Increased immigration levels can help soften the effects of an aging population on the Canadian economy, a new report shows.
However, the Conference Board of Canada report reveals that increased immigration alone will not completely offset the effects of aging demographics.
“Immigration provides an important source of labour and helps Canada generate stronger long-term economic growth. However, increasing immigration alone will not reverse Canada’s aging trend,” said Matthew Stewart the Associate Director, National Forecast at The Conference Board of Canada. “In order to fully address the significant cost strains on the Canadian system from an aging population, policy makers must also consider other solutions.”
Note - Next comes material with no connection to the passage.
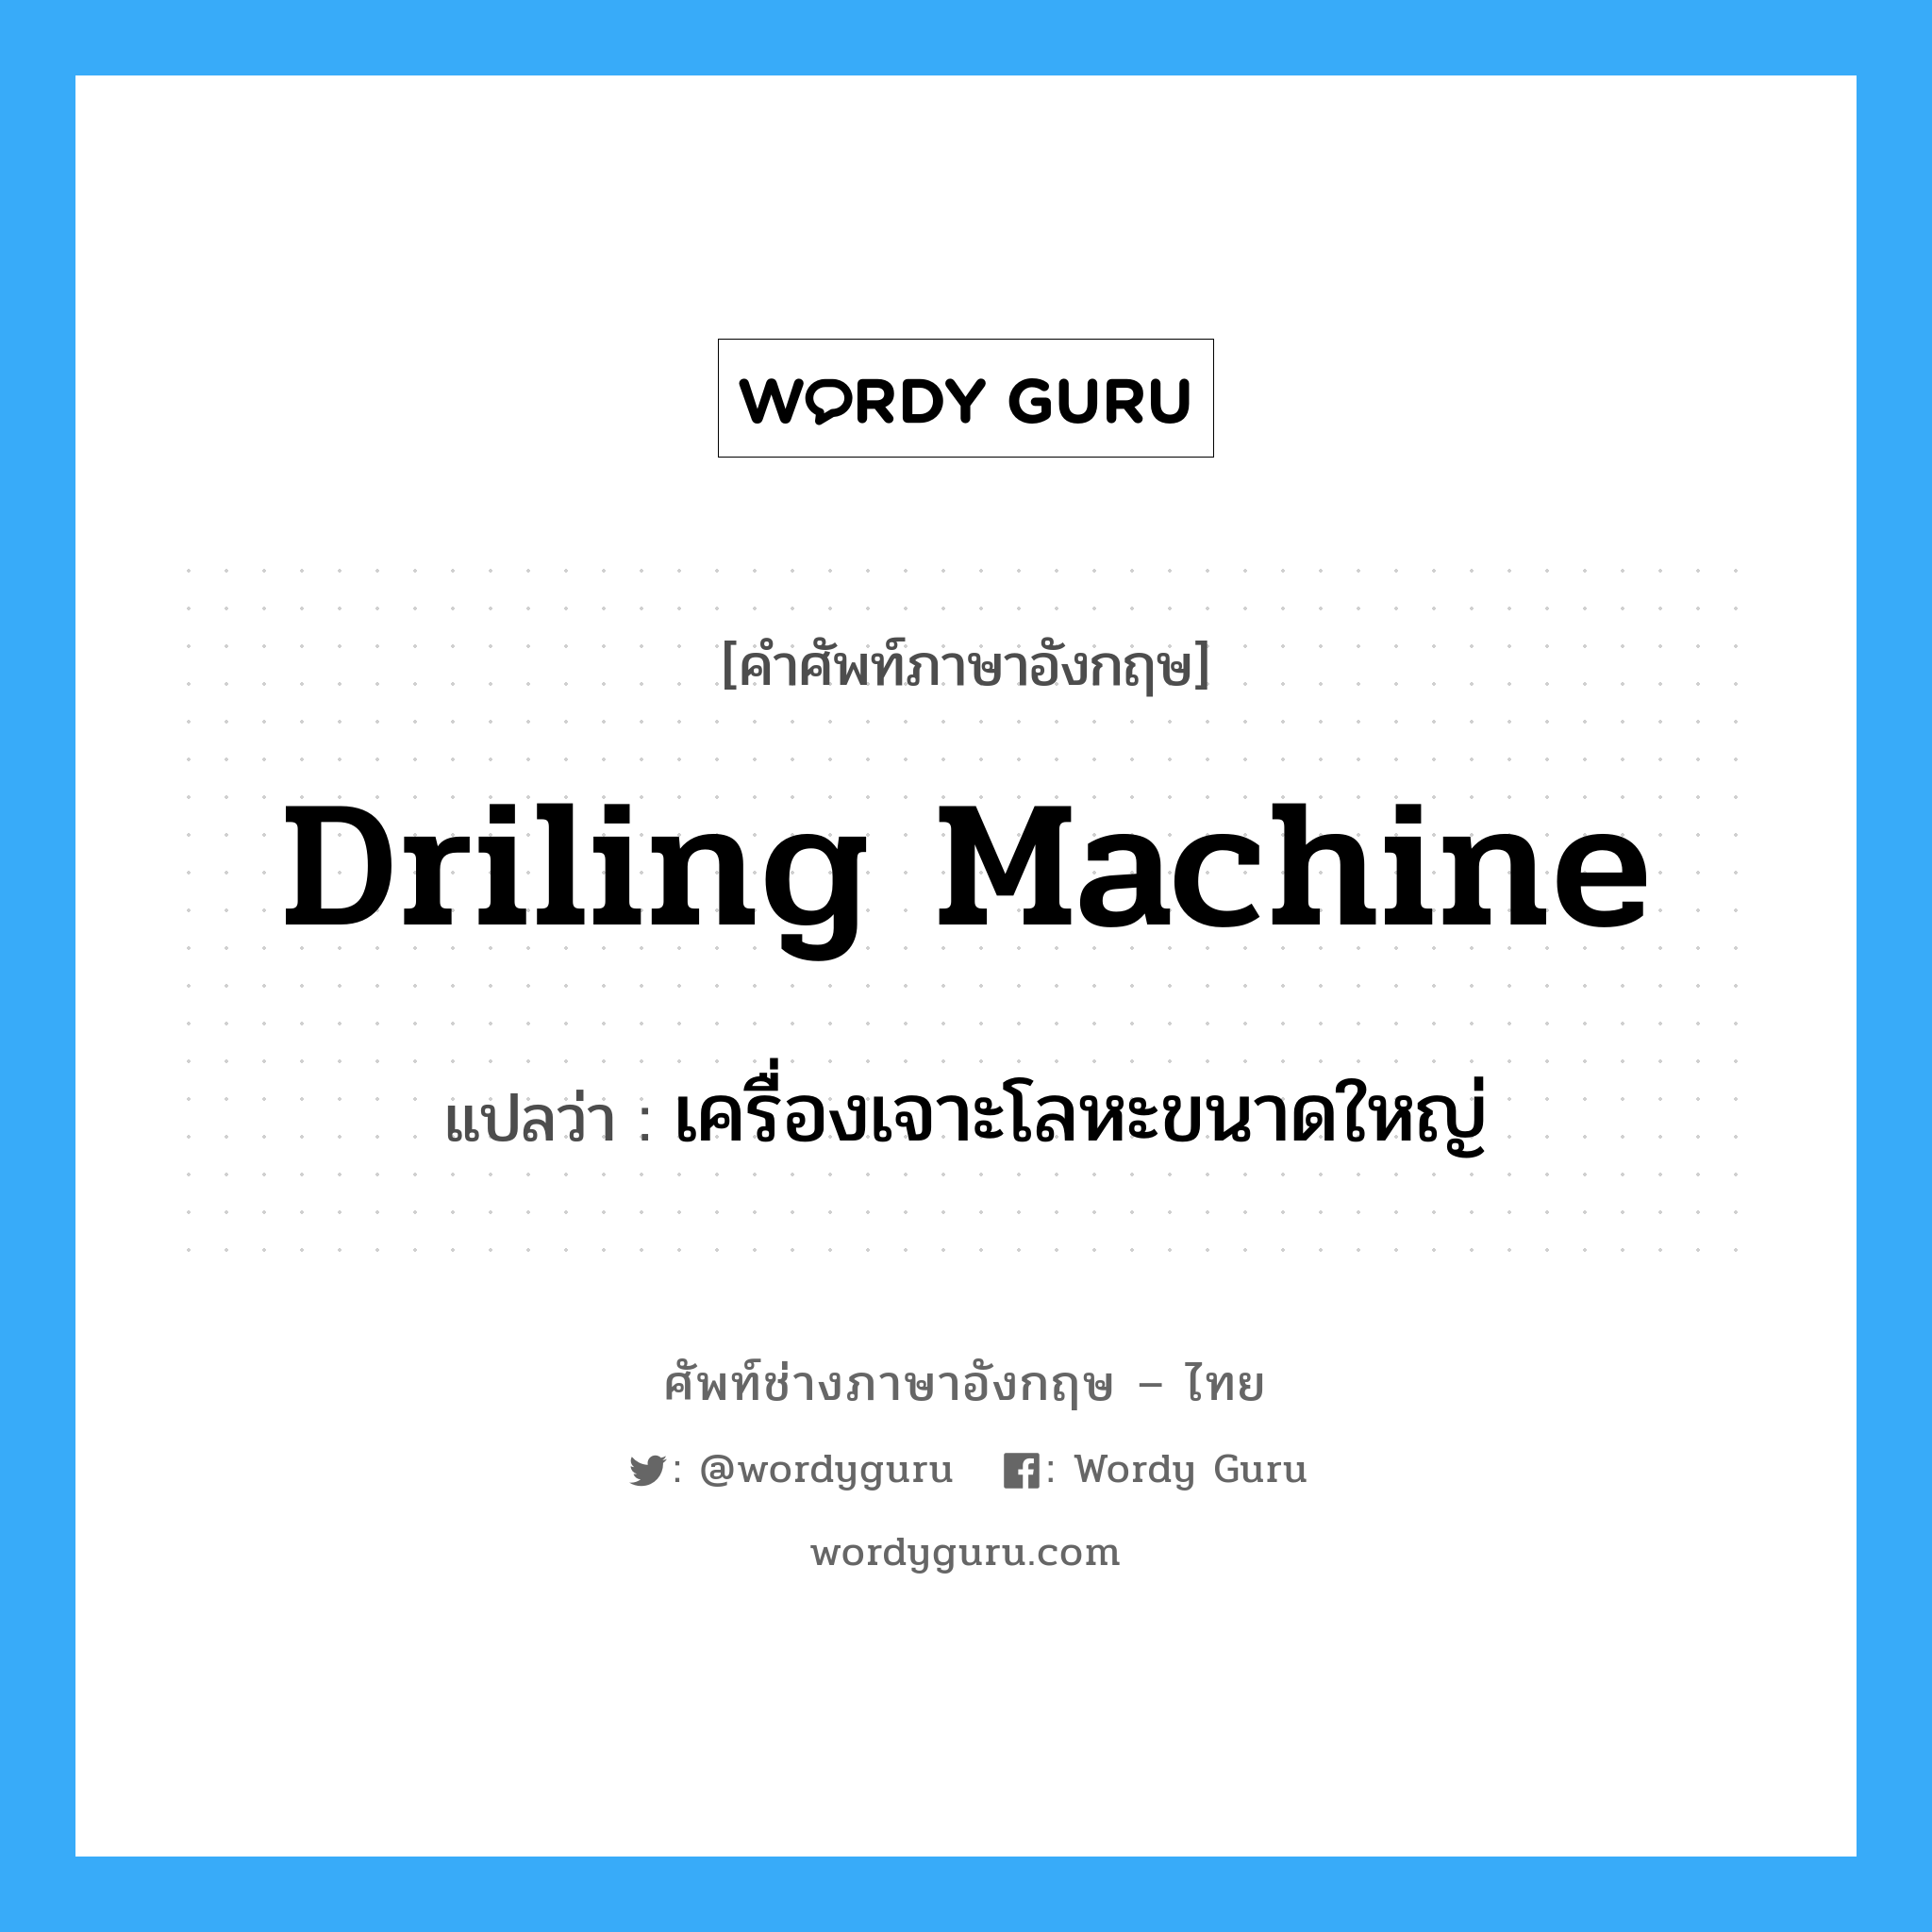 เครื่องเจาะโลหะขนาดใหญ่ ภาษาอังกฤษ?, คำศัพท์ช่างภาษาอังกฤษ - ไทย เครื่องเจาะโลหะขนาดใหญ่ คำศัพท์ภาษาอังกฤษ เครื่องเจาะโลหะขนาดใหญ่ แปลว่า driling machine

Currently, Canadians aged 65 and over make up about 16 per cent of Canada’s total population. Over the next 20 years, this figure will rise to over 24 per cent. As baby boomers leave the workforce, Canada’s labour supply growth will be limited and economic growth will be constrained. All else being equal, this will result in economic growth slowing from the already modest current trend of 2 per cent to around 1.6 per cent by 2050.
Increased immigration levels would help boost Canada’s labour force and generate stronger long-term economic growth. But, higher immigration levels only soften the cost strains on the Canadian system, implying that Canada needs to consider other solutions to fully address the impact of an aging population.
In addition to the impact on the labour market, an aging population will also put a major strain on healthcare and Canada’s retirement income support systems. Without significant changes to how healthcare is delivered in Canada over the next 20 to 30 years, the share of government revenues directed to health care is expected to rise from 37 per cent today to 44 per cent. With the provinces already struggling with large deficits, this added burden would be unsustainable.
The Conference Board of Canada’s report, A Long-Term View of Canada’s Demographics: Is Higher Migration Part of the Response to Canada’s Aging Population?, finds that if immigration levels were to increase steadily to reach 407,000 immigrants per year by 2030 and was to target younger immigrants, then Canada’s trend pace of economic growth would improve to 2.3 per cent by 2050.
However, the proportion of the Canadian population aged 65 and over would still rise to about 20 per cent. The share of provincial government revenue spent on health care would remain at or close to the 44 per cent mark.
Some improvements in the share of provincial revenues required to fund health care would be realised, but not until 2060. In the meantime, spending on Old Age Security (OAS) would drop from 12 per cent to below 10 per cent.